Norwegian politician

Peder Ludvik Kolstad (28 November 1878 – 5 March 1932) was a Norwegian politician from the Agrarian Party. He was the prime minister of Norway from 1931 until his death in 1932.

== Early life and education ==
Born to a farmer's family in Borge, now part of Fredrikstad in Østfold county he got a degree from Kalnes school of agriculture in 1899 and a degree from the Agricultural University of Norway at Ås, Akershus county in 1902. He subsequently worked as teachers at agricultural schools in Asker, Akershus county and Nedenes, Aust-Agder county. Returning to Østfold and Kalnes school of agriculture in 1905, he became principal at the school in 1912.

== Early political and organizational career ==
In Østfold, Kolstad became engaged in organisational work related to agriculture. He served as leader of the Tune chapter of the Norwegian Agrarian Association, became leader of the Østfold county chapter and member of the national board of the organisation. He also sat on the board of the agricultural cooperative Felleskjøpet.

In the period from 1919 to 1922, he was part of the herredsstyre (selective body of the municipal council) in Tune. He was a member of the municipal council until 1928 and leader of the Østfold chapter of the Farmer's Party for several years in the 1920s.

At the Agrarian Association's congress in Kristiansand in 1920, he played an important role in the process that led to the decision that the organization should nominate its own list in the 1921 Norwegian parliamentary election, leading to the establishment of the Farmer's Party.

In the 1921 Norwegian parliamentary election, Kolstad topped the list for the Farmers' Party in Østfold and was elected to the Parliament of Norway and subsequently re-elected in all elections until his death. He served in the Standing Committee on Finance in all his parliamentary career, becoming head of the committee in 1928. He served as secretary for the Farmers' Party's parliamentary group in all his years in Parliament and was elected President of the Odelsting in 1931. In this period, he also headed the Østfold chapter of the Farmer's Party for several years.
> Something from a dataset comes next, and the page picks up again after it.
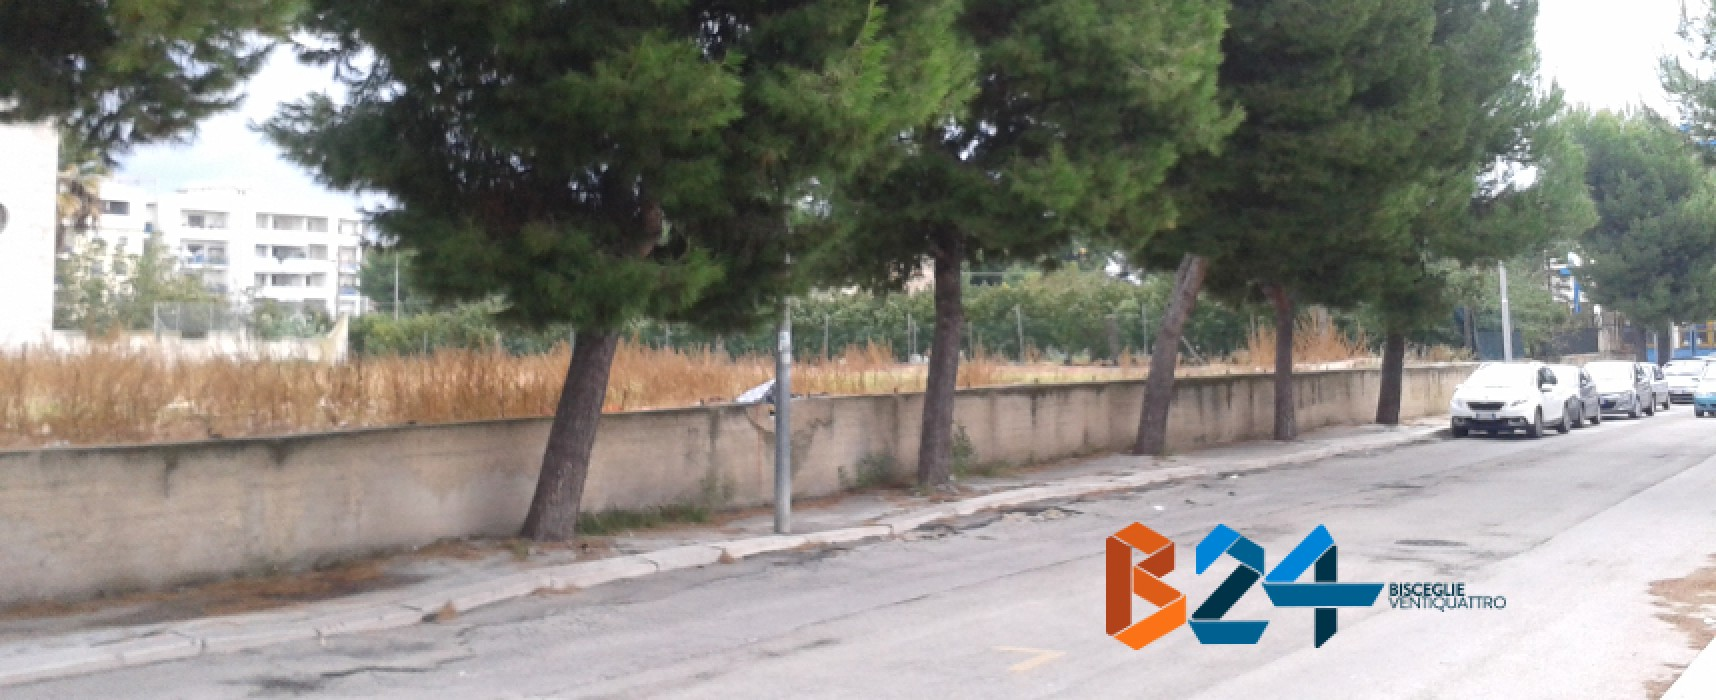 Via G. Veneziano: tratto di strada abbandonato a se stesso, tra buche e marciapiedi rotti / FOTO

As finance politician, Kolstad like his party argued for austerity, in particular he wanted to reduce public administration He led the majority in the Farmer's Party that supported the Liberal Mowinckel's Cabinet's decision to return the Norwegian krone to the gold standard in 1928 after convertibility had been suspended after World War I.

== As prime minister ==
Mowinckel's Cabinet's decision to grant the Anglo-Dutch company Unilever Concession to acquire half the shares in the Norwegian company Lilleborg caused a political crisis in 1931, leading to the resignation of the cabinet and the formation of the first cabinet from the Farmer's Party.

The Farmers' Party had only 25 of the 150 seats in the Parliament; the weakest foundation for a cabinet in Norway to that date. The cabinet would seek support in the parliament from the Liberal Party and the Conservative Party. The party chose Kolstad as prime minister instead of the party leader Jens Hundseid to a large degree because he was seen as being moderate and better at cooperating with other parties and politicians than Hundseid. The party also saw it as an advantage that he was well versed in financial policies.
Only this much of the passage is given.